Court Opinion

ID: 5154391
Source: CourtListenerOpinion
Date Created: 2022-01-02 02:10:54.494969+00
Date Added: 2024-06-11T08:25:14.178579
License: Public Domain

OPALA, J.,
concurring in the court’s judgment but not in its pronouncement
¶ 1 I concur in today’s conclusion that the fair market value of the two tracts in this litigation over their 2005 ad valorem tax assessment was improperly increased for the tax year 2005 in excess of 5% of its earlier assessed valuation.
¶2 For his excessive 2005 reassessment the county assessor relies mainly on the individual owners’ (James and Debra Askins’) December 2004 conveyance of the two tracts in question from themselves to Askins Properties, a limited liability company. As authority for the 2005 increase the assessor invokes the text of • Art. 10 § 8B, Okla. Const., which makes the restriction upon annual increases of the assessed fair market value that stand limited to 5% inapplicable to “any year when title to the property is transferred, changed, or conveyed to another person” (emphasis supplied).
¶ 3 Decisive of this appeal is our answer to one simple question — that of whether the owners’ 2004 conveyance of the two tracts to their limited liability company is to be recognized as a legally sufficient transfer “to another person” or merely as the grantors’ (James and Debra Askins’) retention of their land title in a somewhat altered form-i.e. as owners of the LLC rather than as owners in their own name. If the former is correct, the tracts were properly subject to an open-ended assessor’s reassessment of the land’s 2005 fair market value; if the latter is correct, the land’s fair market value could not be increased in excess of 5% of its then assessed value. No other question need be answered here to dispose of this controversy.
¶ 4 The critical December 2004 conveyance by James and Debra Askins did not change one iota either the land’s real ownership status or the incidence of their ad valorem tax liability. The legal consequences of the status change leave the incidence of ownership unaffected. Moreover, James and Debra Askins’ legal capacity to once again re-vest in their own names the title to the affected property remains utterly unimpaired. The form is clearly different but the ownership’s substance remains unaltered. Equity will elevate substance above form and disregard the difference.1 Because the critical transfer from James and Debra As-kins, as individual owners, to Askins Properties, LLC (they own that limited liability *314company in toto)2 cannot be considered in law to be either the land’s divestiture3 or its alienation,4 the December 2004 conveyance may not be regarded as one made to “another person” within the meaning of the exception in Art. 10 § 8B, Okla. Const.
¶ 5 I would hence confine today’s pronouncement to that single issue which must be resolved in favor of the taxpayers. Whether the applicable provisions of 68 O.S. Supp.2002, § 2802.1, subdiv. (A)(4)g do indeed constitute a correct legislative exposition of the text of Art. 10 § 8B, Okla. Const., need not be settled today. Fundamental-law jurisprudence of this Nation uniformly teaches that courts will not reach for decision, in advance of strict necessity, any tendered attack on a law’s constitutional orthodoxy.5 No necessity presses us here.

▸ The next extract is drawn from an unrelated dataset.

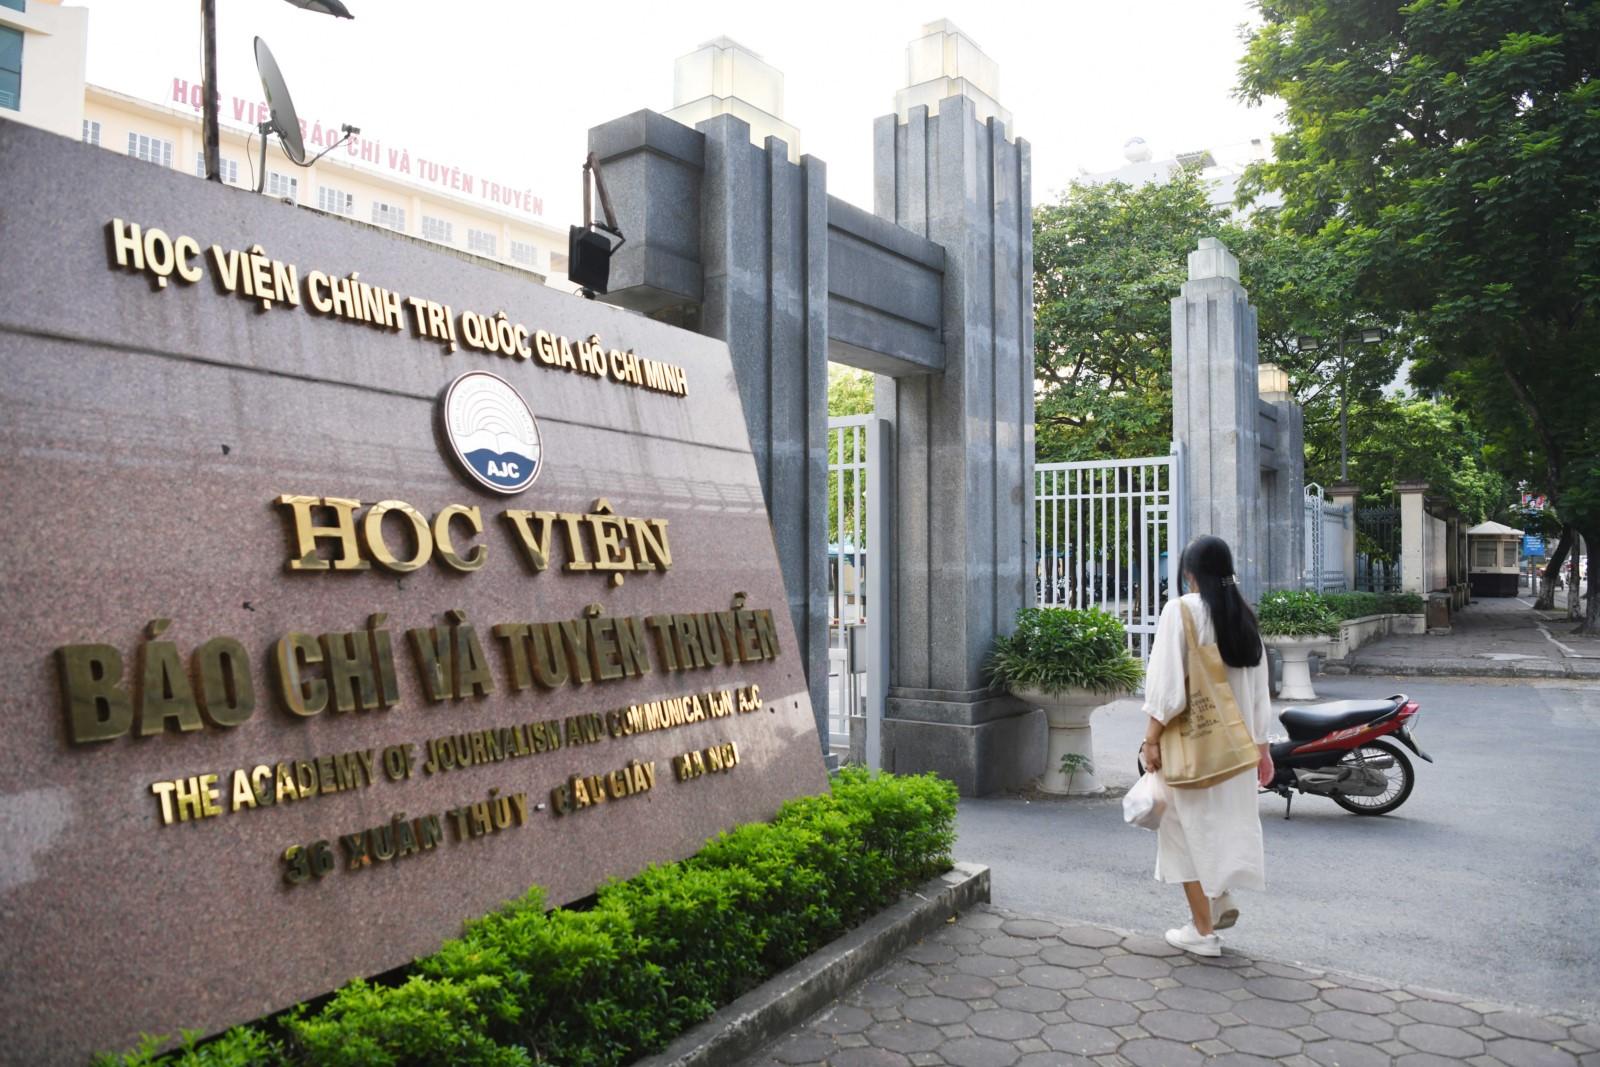 Học viện Báo chí và Tuyên truyền khai giảng năm học mới, đón 2,6 nghìn tân sinh viên

. Equity always attempts to reach the substance and to ascertain, uphold and enforce rights and duties springing from the parties’ real relations. Equity looks beyond the form in which a transaction was clad and shapes its relief to carry out the parties’ true intention. Cobb v. Whitney 1926 OK 920, 255 P. 577; Exchange Bank of Perry v. Nichols, 1945 OK 292, 164 P.2d 867; Sinclair Oil & Gas Company v. Bishop, 1967 OK 167, 441 P.2d 436, 448.

. The total ownership of Asians Properties, LLC, by James and Debra Askins is undisputed.

. Divestiture is defined as "The loss or surrender of an asset or interest." Black’s Law Dictionary, Seventh Edition, 1999.

. Alienation is defined as "conveyance or transfer of property to another” and the reader is warned that "a transfer of real estate short of a conveyance of the title is not an alienation of the estate.” Black’s Law Dictionary, Seventh Edition, 1999.

. Askwander v. Tennessee Valley Authority, 297 U.S. 288, 347, 56 S.Ct. 466, 483, 80 L.Ed. 688 (1936) (Brandeis, J., concurring).